Der Senat ist daher - abweichend von der oben zitierten Entscheidung des 8. Senats, auf die sich das LSG gestützt hat, - der Auffassung, daß Arbeitsunfähigkeit nicht stets und in jedem Falle zur Erwerbsunfähigkeit im Sinne des § 31 BVG führt. Allerdings können, wie bereits der 9. Senat in seinem Urteil vom 4. Februar 1976 - 9 RV 136/75 - ausgeführt hat, die Elemente, die für die Arbeitsunfähigkeit entscheidend sind, auch für die Bewertung der MdE bedeutsam sein. Für das KOV-Recht ist daher eine differenzierte Betrachtungsweise am Platz, welche die jeweiligen Auswirkungen des die Arbeitsunfähigkeit verursachenden Leidens auf den Status des Beschädigten in gesundheitlicher, beruflicher und wirtschaftlicher Hinsicht untersucht. Eine ausgewogene Entscheidung ist nur möglich, wenn alle Folgen und Auswirkungen der Leidensverschlimmerung, insbesondere der - medizinisch zu klärende - Schweregrad, bekannt ist. Hierzu fehlen ausreichende Feststellungen des LSG das nach seiner Rechtsauffassung von der - unstreitig vorliegenden - Arbeitsunfähigkeit ausgehen konnte. Das LSG wird vor seiner erneuten Entscheidung u. a. zu prüfen haben, wie lange der Zustand der Arbeitsunfähigkeit - die offenbar schon vor Februar 1972 eingetreten war - insgesamt gedauert hat, ob der Kläger in der Zeit, für die er den Anspruch geltend macht, stationär im Krankenhaus behandelt worden ist oder ob er zu Hause für kürzere oder längere Zeit bettlägerig war, welche medizinischen Maßnahmen in dieser Zeit durchgeführt worden sind und ob der Kläger unter besonderen Schmerzen zu leiden hatte. Auch die wirtschaftlichen Folgen bedürfen der Prüfung. Alsdann kann sich eine MdE-Bewertung ergeben, die weder dem Standpunkt des Klägers noch dem Standpunkt des Beklagten und der Beigeladenen voll entspricht.

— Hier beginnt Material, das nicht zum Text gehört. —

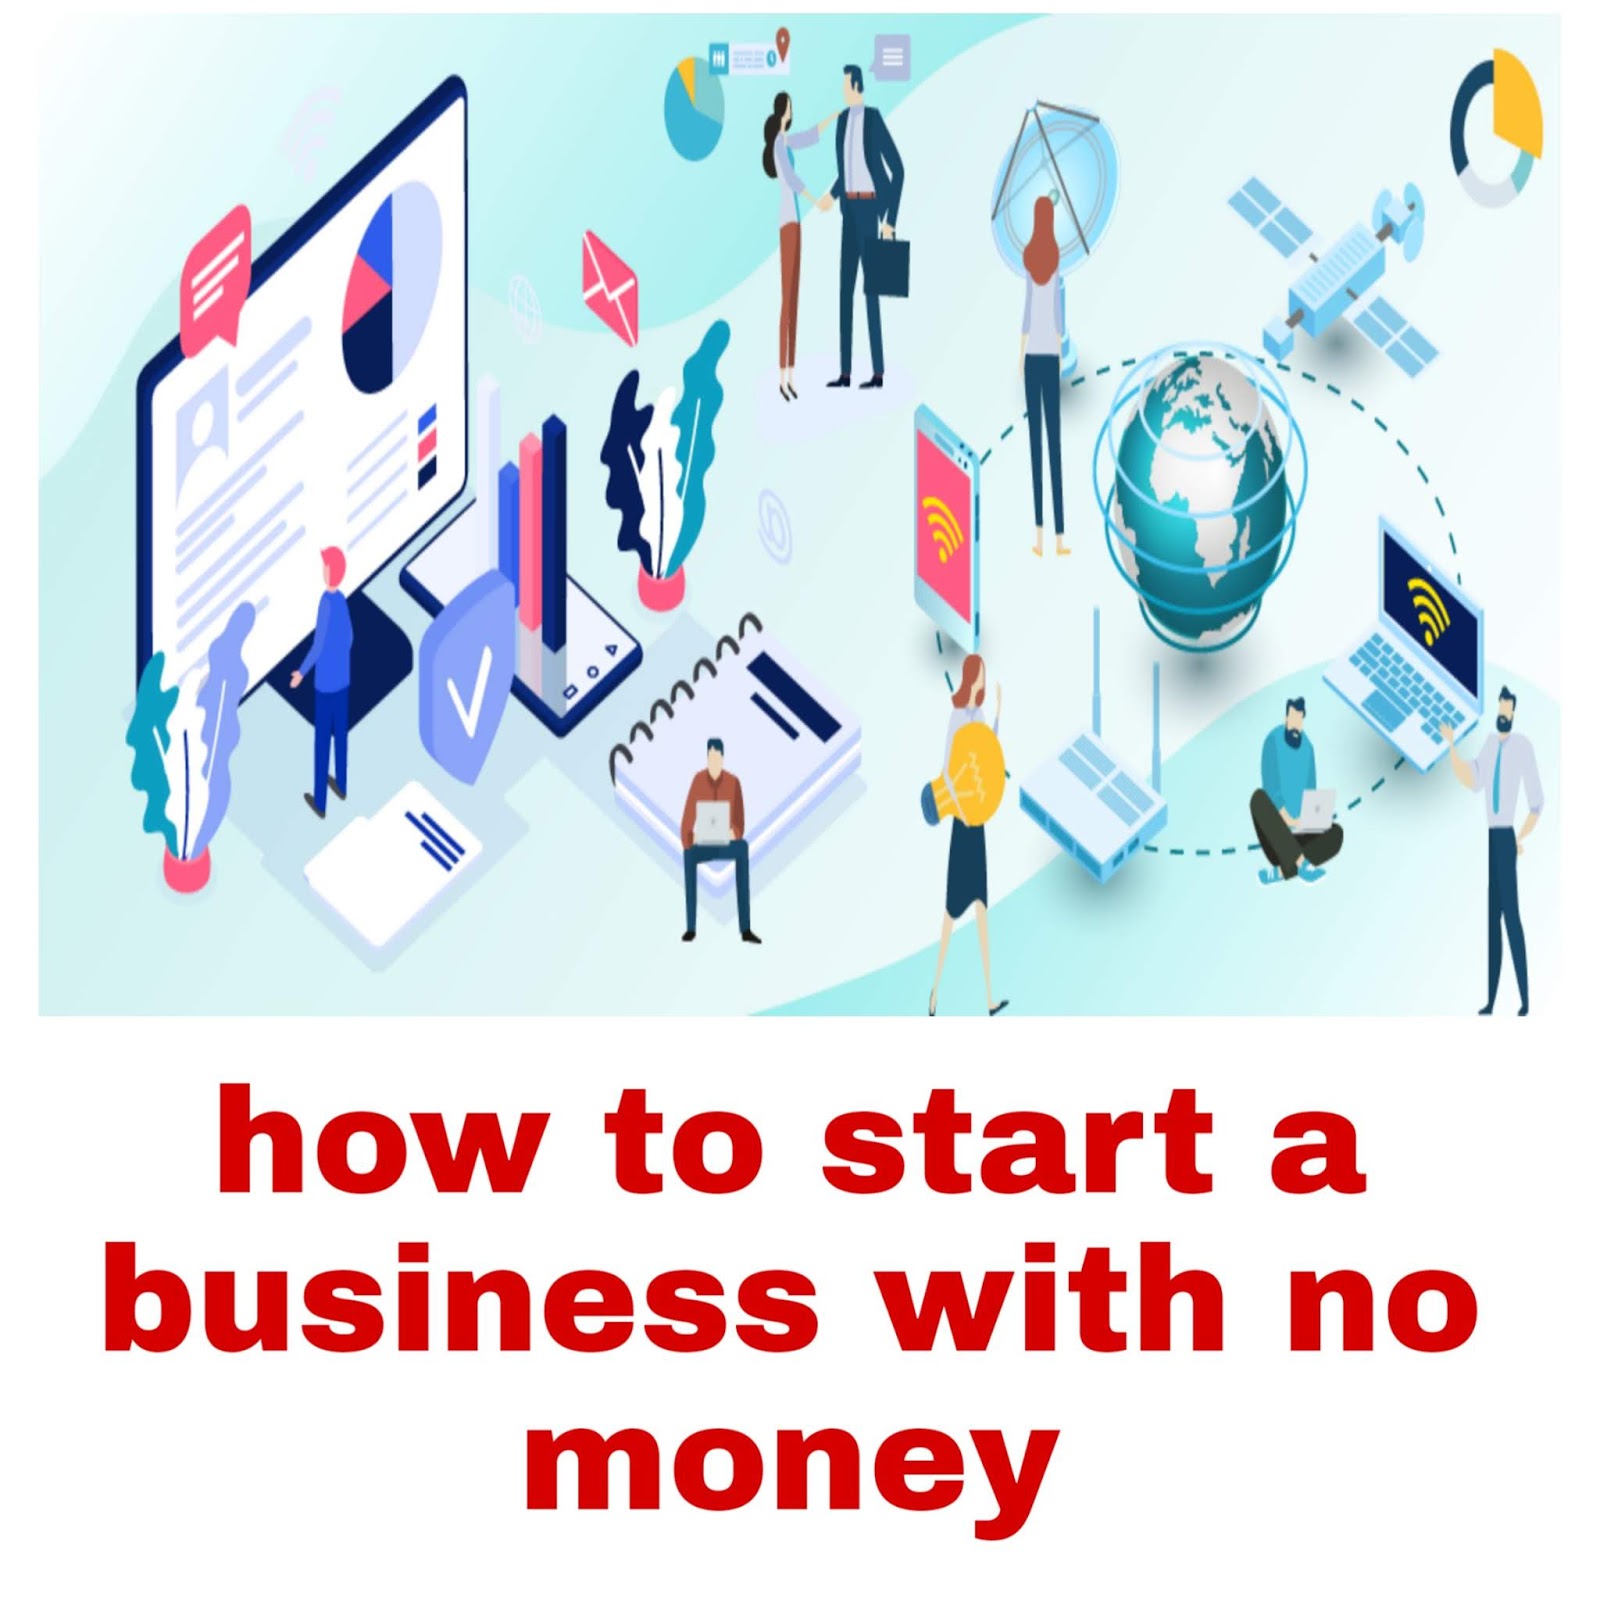 How to start a business with no money Startupnews4you

Dem Senat ist es verwehrt, die erforderlichen Feststellungen selbst zu treffen. Das Urteil des LSG muß daher - auch ohne besondere Rüge i. S. des § 163 SGG (vgl. SozR SGG § 163 Nr. 6) - aufgehoben und die Sache an das LSG zurückverwiesen werden (§ 170 Abs. 2 Satz 2 SGG).

Die Kostenentscheidung bleibt dem abschließenden Urteil vorbehalten.